Тема спасения язычников
Но где бы ни возникли писания Луки, несомненно, что их первые читатели были христиане из язычников, а может быть, и шире, язычники, обращавшиеся в христианство. К таковым, как мы видели, мог принадлежать и сам Феофил. Это общее суждение о языческой среде, для которой предназначались писания Луки, подтверждается целым рядом наблюдений. Если Лука использовал Мф. и Мк., мы неизбежно приходим к заключению, что он сознательно опустил те эпизоды, которые могли быть оскорбительны для язычников. Сюда относится, в первую очередь, рассказ о жене–язычнице, которой Господь сказал жесткое слово о детях и псах (Мф.15:22–28; Мк.7:25–30).

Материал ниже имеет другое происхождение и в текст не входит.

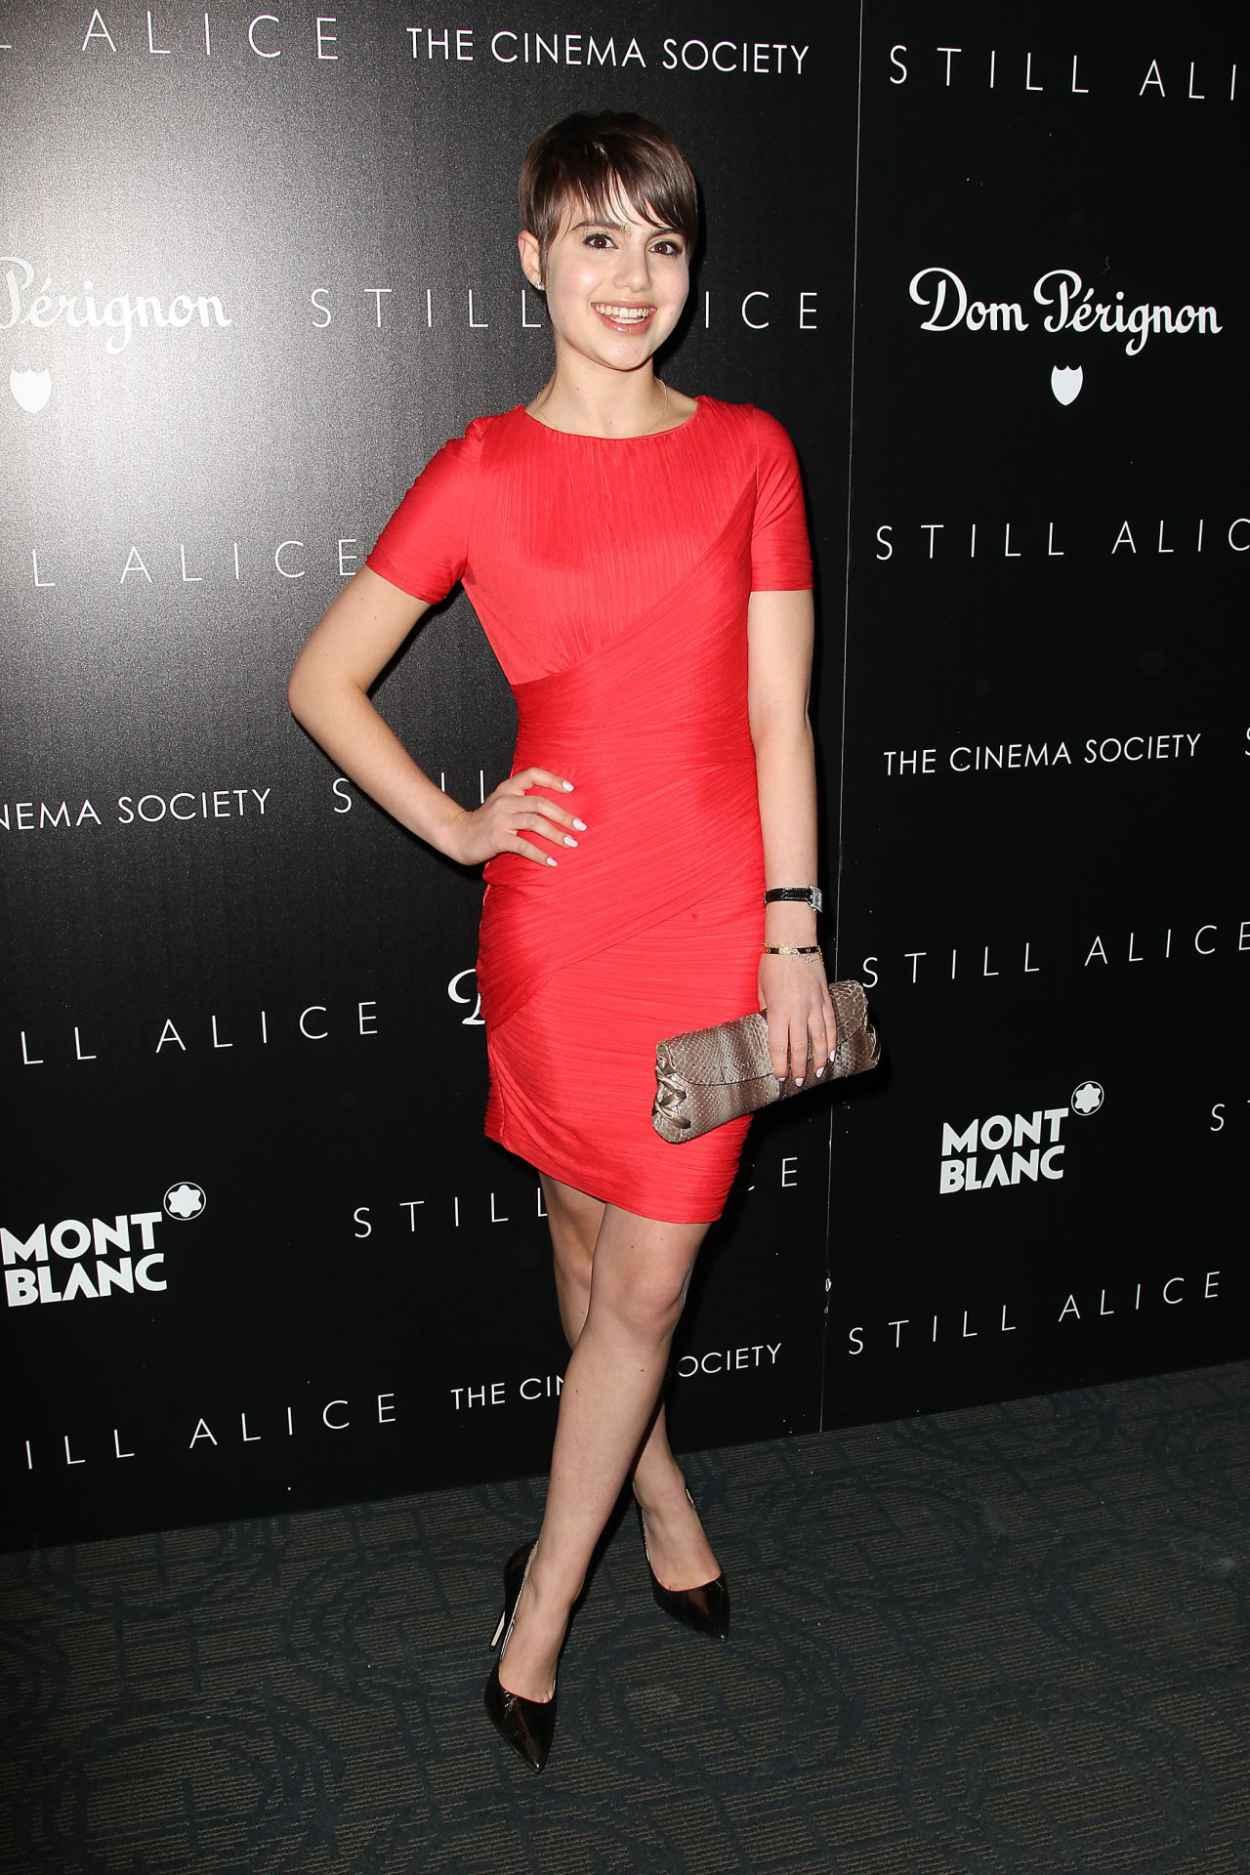 Sami Gayle in Red Dress - Still Alice Screening in New York City-3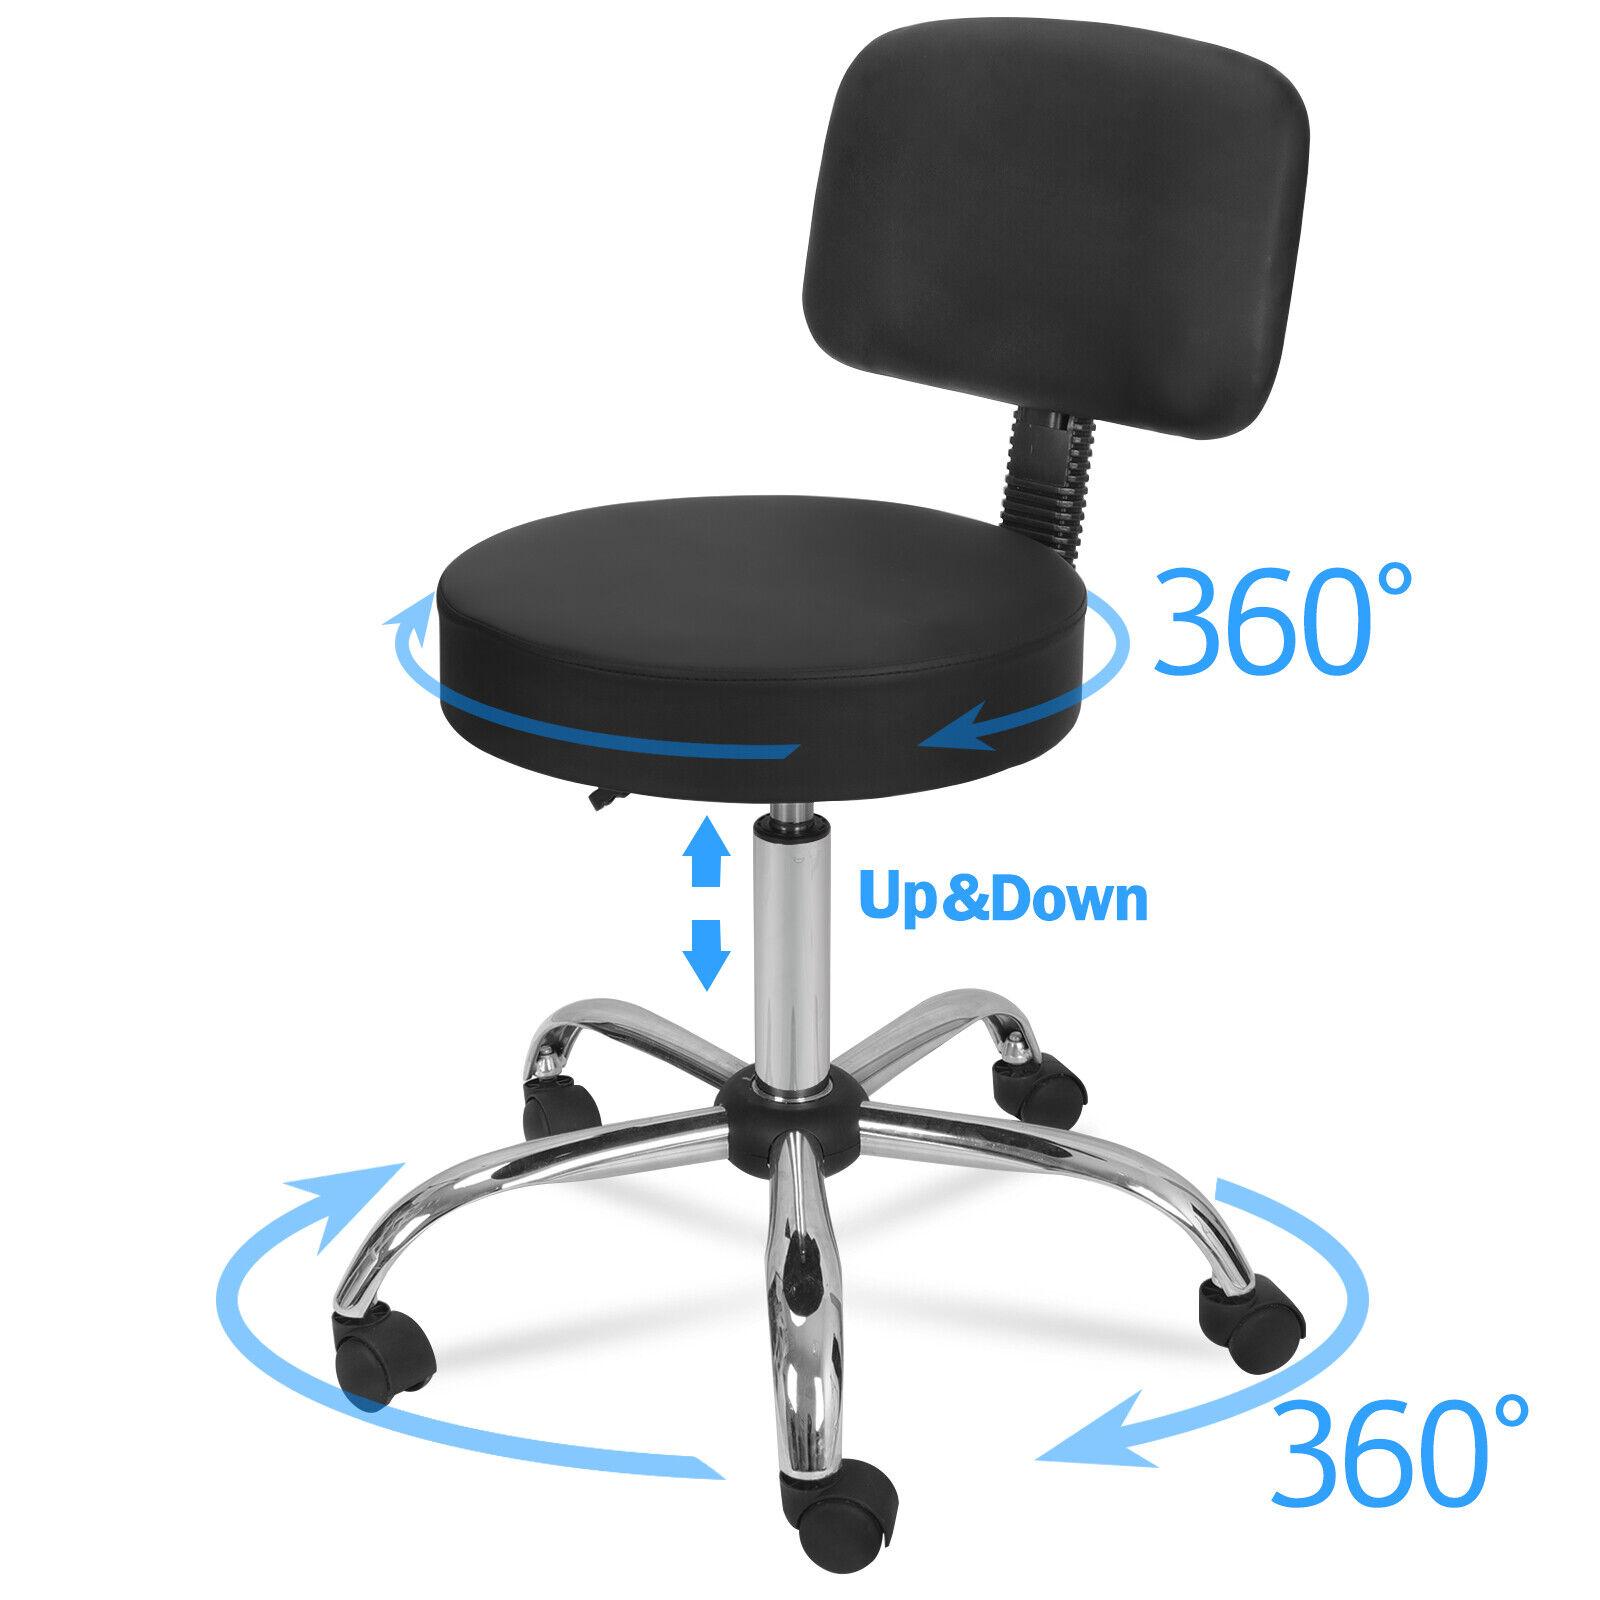 Adjustable Hydraulic Swivel Hair Salon Stool Chair Tattoo Spa Barber w/Backrest Health & Beauty

Не менее знаменательно, что Лука поставил в начале евангельской истории рассказ о проповеди Иисуса в назаретской синагоге (Лк.4:16–30). В этом рассказе общесиноптическое слово о пророке, который не принимается в своем отечестве (Лк.4:24, параллели: Мф.13:57; Мк.6:4; ср. ещё Ин.4:44), сопровождается ссылкой на ветхозаветные примеры помощи свыше, дарованной не Израилю, а язычникам (Лк.4:25–27). Мысль о спасении язычников, которой, таким образом, вводится историческое повествование Луки, повторяется в заключении его труда, в том приговоре, который ап. Павел произносит над римскими иудеями (Деян.28:25–28, ср. особенно Деян.28:28). Можно сказать, что мысль о спасении язычников есть доминирующая мысль в истории Луки. Ее место в исторической концепции Луки наилучшим образом объясняется языческим происхождением его читателей. Мы помним, что и автор по рождению был язычник.